Мы заглянули в боковое оконце. С потолочной балки свисала коптилка, вроде лампады, а на столе стоял гроб…
– Обожди… – по обыкновению кратко распорядился Альфонс и мигом забрался в окно. Я, прижавшись к стене, следил за входом в хижину. Араб по-прежнему молился, ни на что не обращая внимания. Вздумай он повернуться, чтобы войти внутрь, я враз стукну его по кумполу. Но старик был углублен в молитву, а Ничейный двигался бесшумно, точно крадущаяся кошка.

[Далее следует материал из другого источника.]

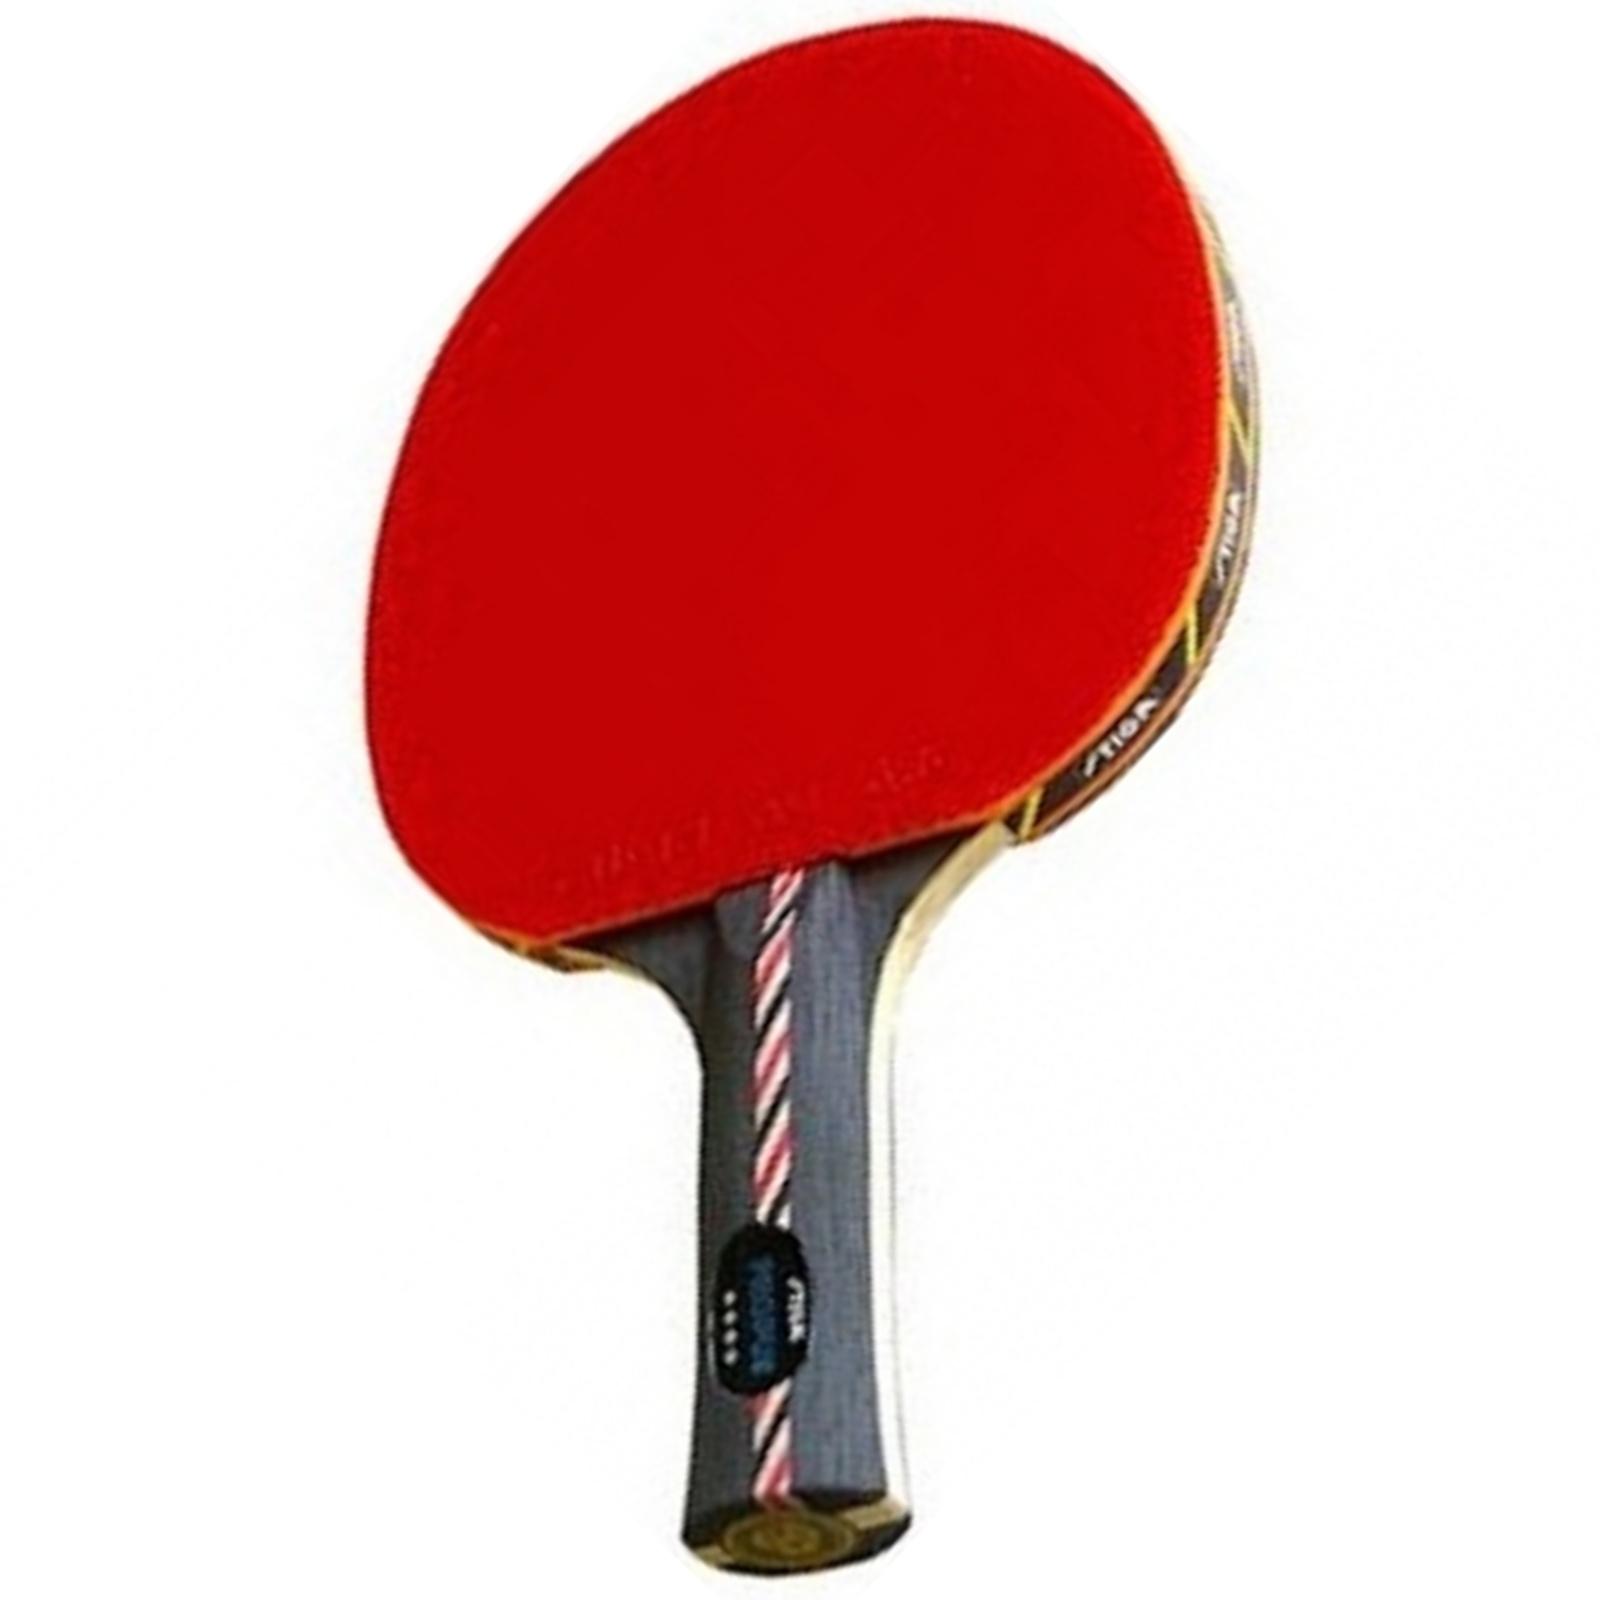 Pálka na stolní tenis STIGA Procyon

Через несколько минут кто-то коснулся моего плеча: какой-то тип, закутанный в бурнус. Мой кулак взметнулся для удара, как вдруг при слабом отблеске звезд я узнал Альфонса Ничейного.
– Ну ты и вырядился!
– Это одеяние покойника, – пояснил он.
Не стану плести небылицы, будто бы я всю жизнь принимал успокоительные средства против нервных потрясений, – вы мне все равно не поверите, и правильно сделаете, но… тут я и впрямь содрогнулся от ужаса.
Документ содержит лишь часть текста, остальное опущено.